Я старался и себя, тренера, держать в постоянной узде повышенных нагрузок, как держал игроков. Думая о далеком будущем, старался всегда именно в этот год, в этот сезон выполнить максимально лучше свою работу. А следующим сезоном сделать еще хоть полшага вперед. Знаю, это кабально, но полная самоотдача заставляет все время быть в боевом настроении духа. Я не боюсь опасностей – боюсь не выиграть! Схожу с ума, когда мы не выигрываем… Грех жаловаться – мне везло: я так долго работал с командой, в которой много классных игроков. А это не просто – работать с асами. Почти вся сборная – мой клуб. И потому столькими нервами платишь каждый год… И за себя, и за клуб, и за сборную! Но эта тревога придает мне рабочей злости. Многие призывали меня, а уж Галина едва ли не каждый день, чтобы жил спокойнее. Но я не мог… Не мог, даже если чувствовал, что был не прав. Наверно, я успокоюсь лишь с наступлением дня, который гарантирует мне очередную победу.
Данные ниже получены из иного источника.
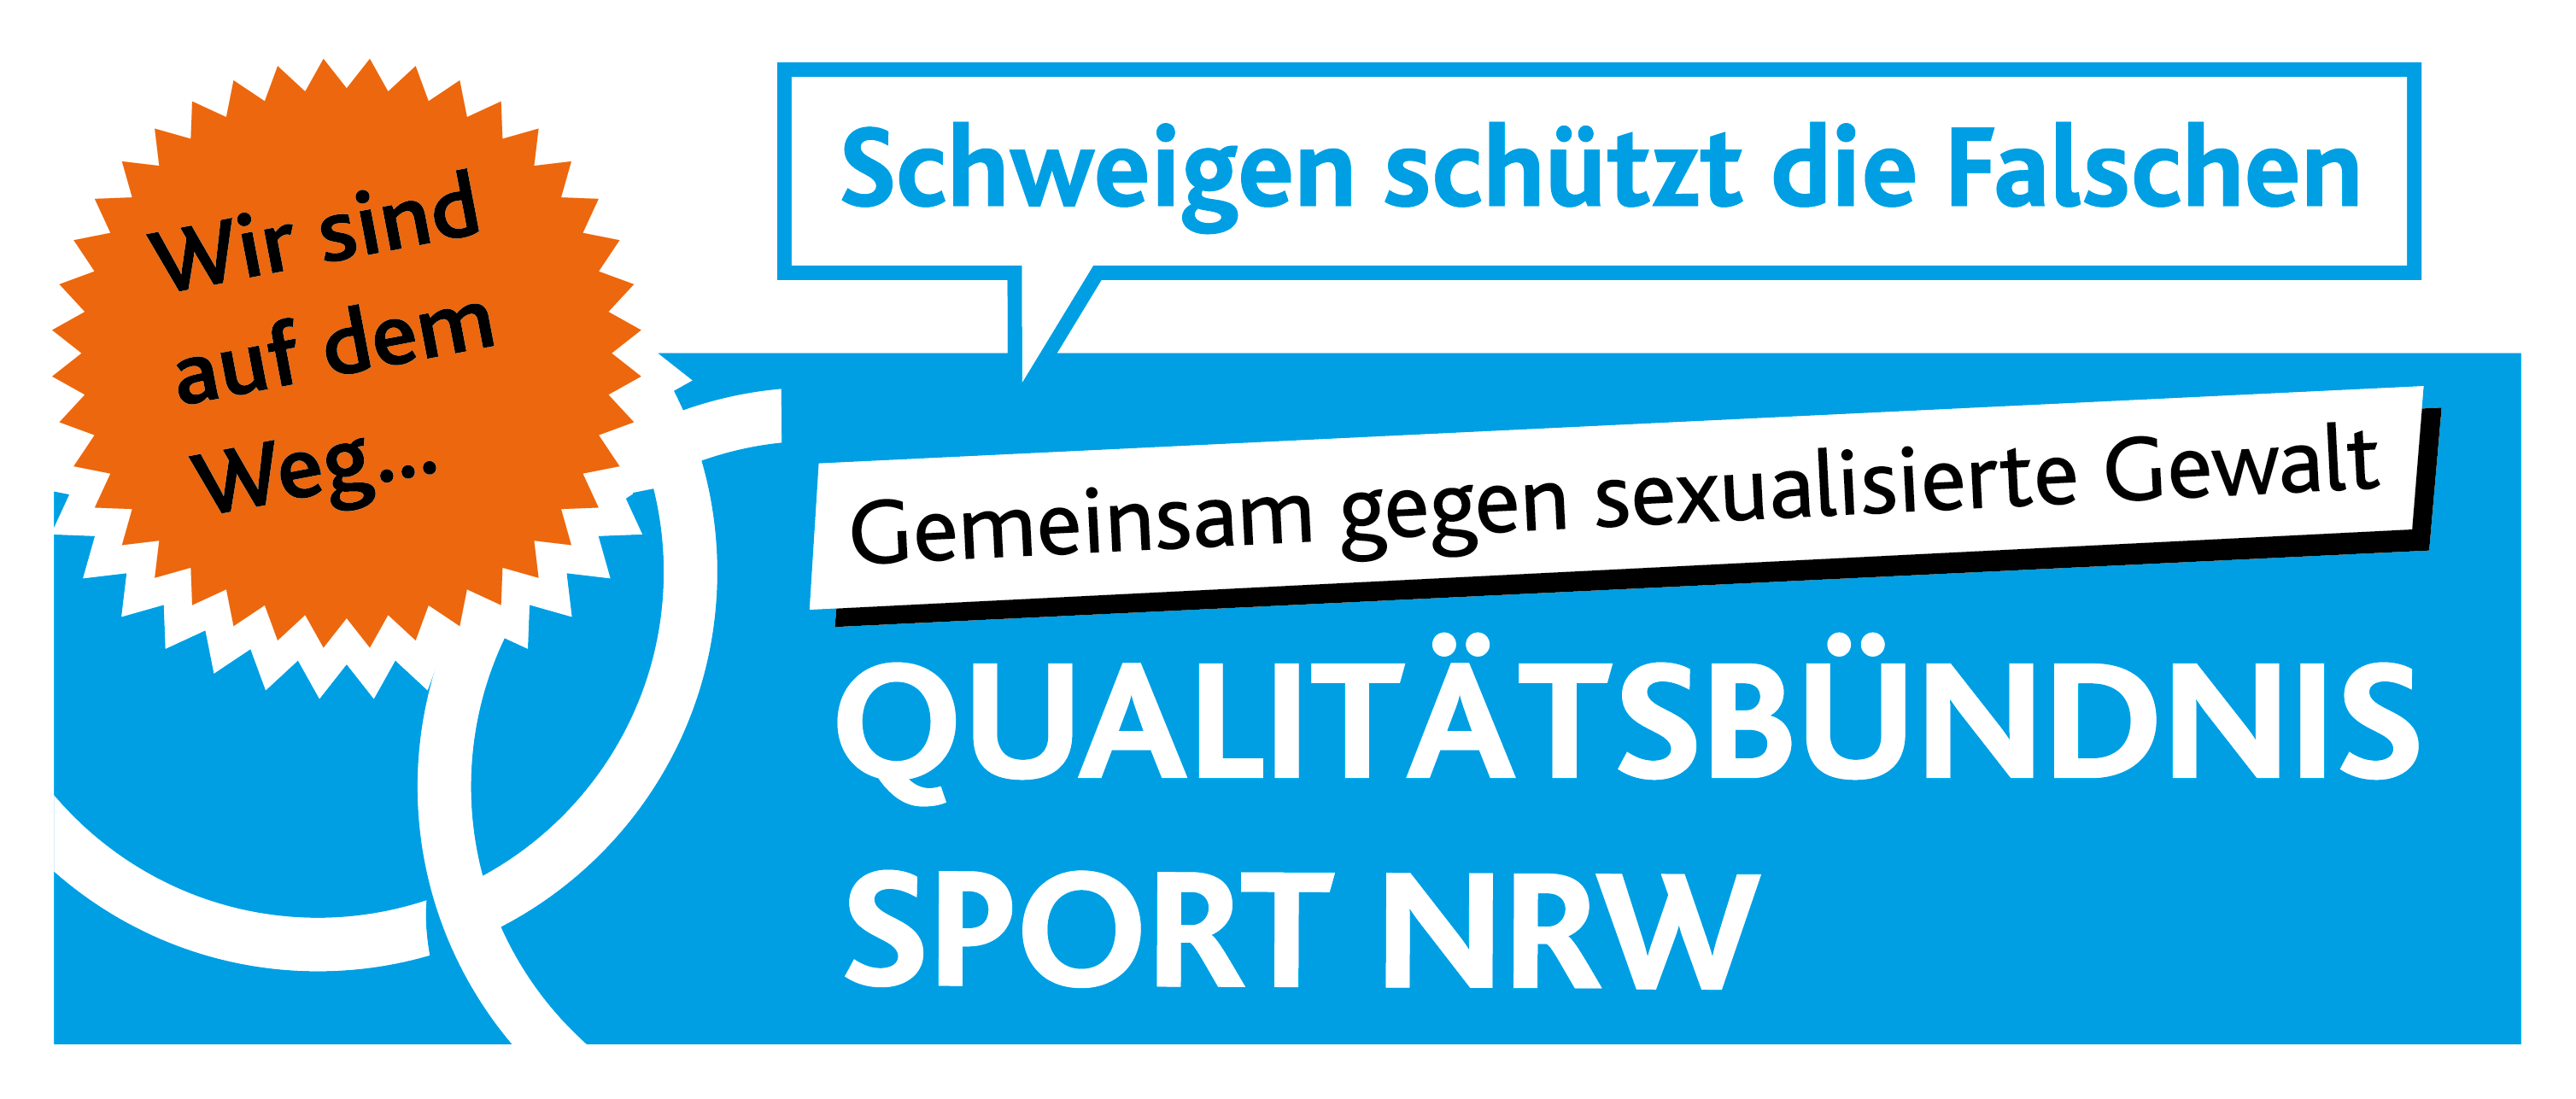 Gemeinsam gegen sexualisierte Gewalt im Sport – Infoveranstaltung im Rahmen des 3. Festival der Radsportjugend
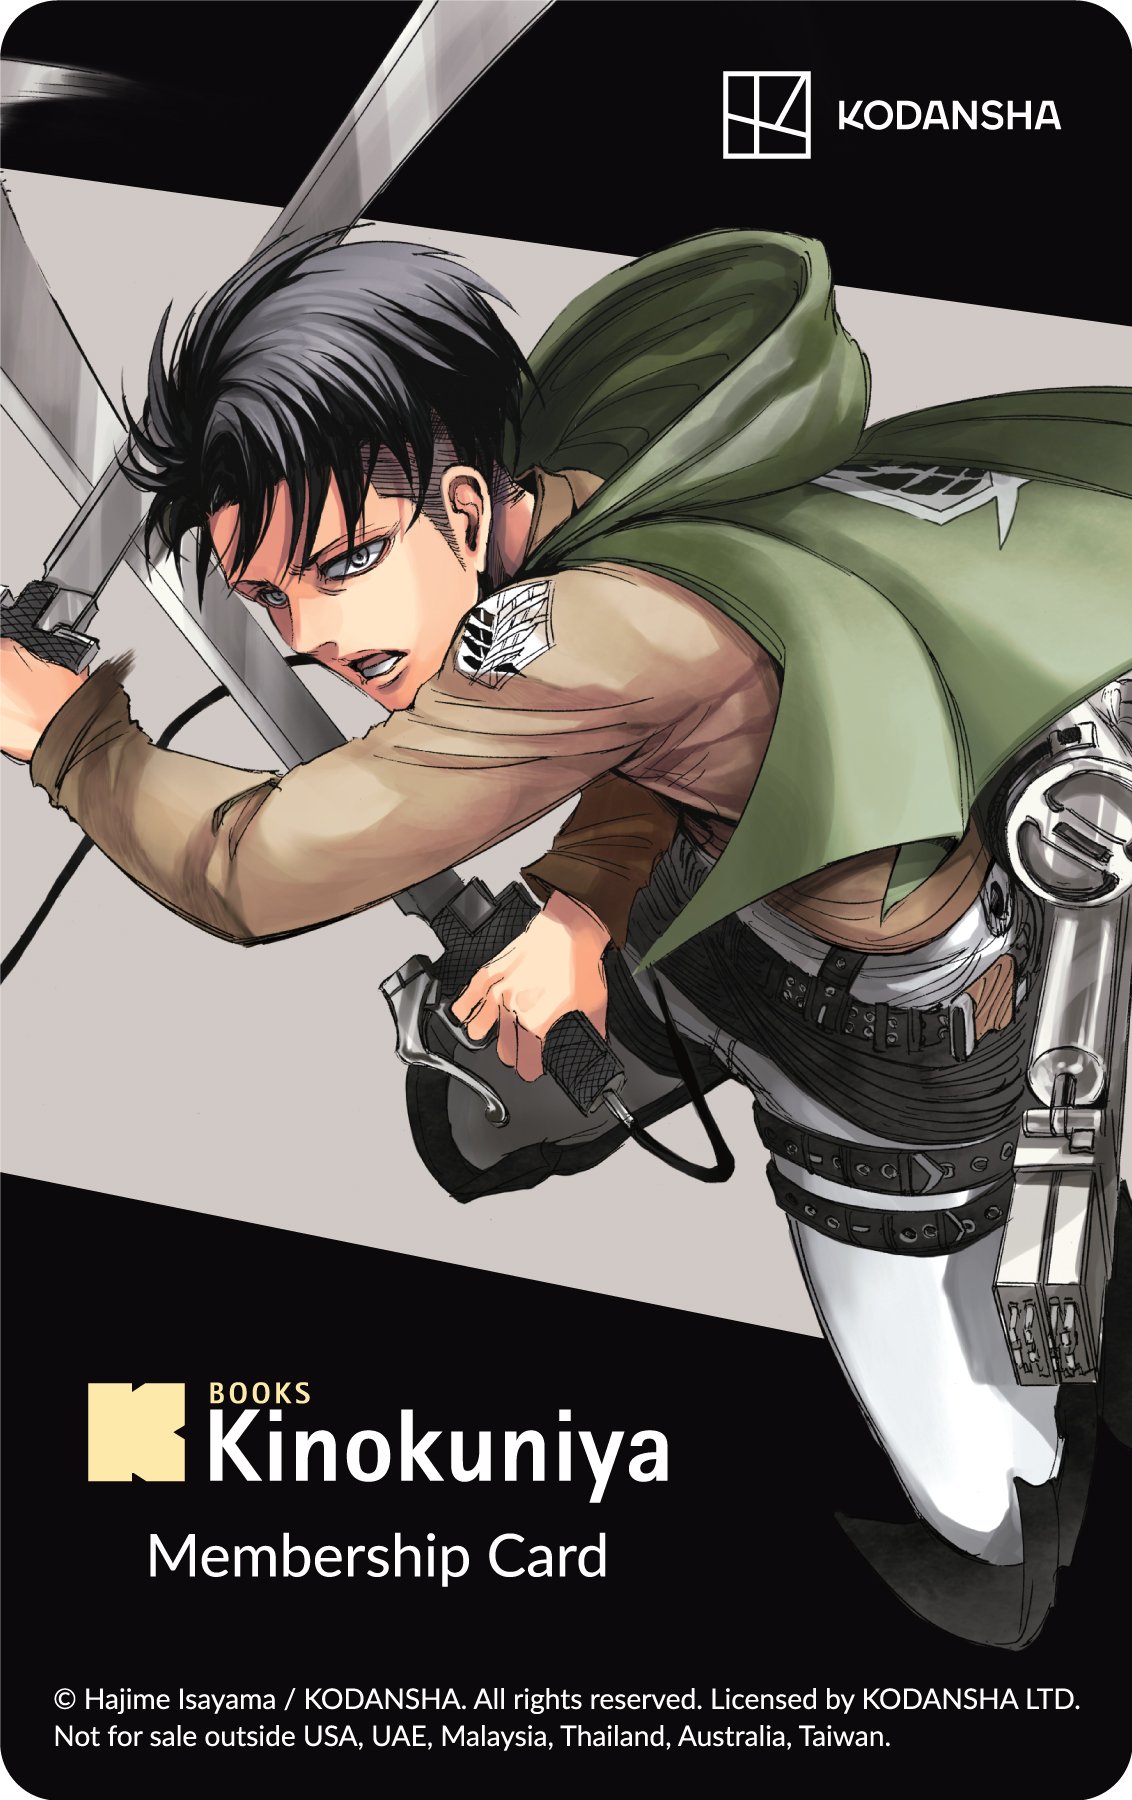 Shingeki No Kyojin The Final Season Part 3 (CONCLUSION) Poster/Key

Никто, никто не знает, что чувствовал я каждый раз, когда мы уходили побежденными. Казалось, что все зрители на стадионе в черном – в черных костюмах, в черных пальто, в черных ботинках и мехах, словно на похоронах… Считал, что, проиграв, мы совершили преступление. И убеждал в этом своих парней, воспитывая физическую неприязнь к поражению. И потому терзал игроков постоянной тяжелой работой. Любил тех, которые рвались играть без замен, от сирены до сирены…
Чтобы показать настоящую игру, надо иметь двадцать два таких парня и выпускать на лед только самых лучших из них. Наверно, я был единственным в стране тренером, который считал, что можно выигрывать чемпионат страны каждый год. И почти добился этого. Я считал, что и каждый чемпионат мира надо выигрывать, наплевав на закон преферанса: не выигрывай каждый раз – потеряешь партнеров!
За удачливость мне многое прощали. Нельзя же осуждать человека, который так болеет за свое дело! Но я слишком хорошо знал, что у тренера нет иного выхода: он будет работать на своем месте, пока побеждает… Я слишком абсолютизировал эту истину… Я убежден в победе и потому уйду с чистой совестью. Если сборная проиграет – не моя вина в том. Я чист перед собой и перед людьми».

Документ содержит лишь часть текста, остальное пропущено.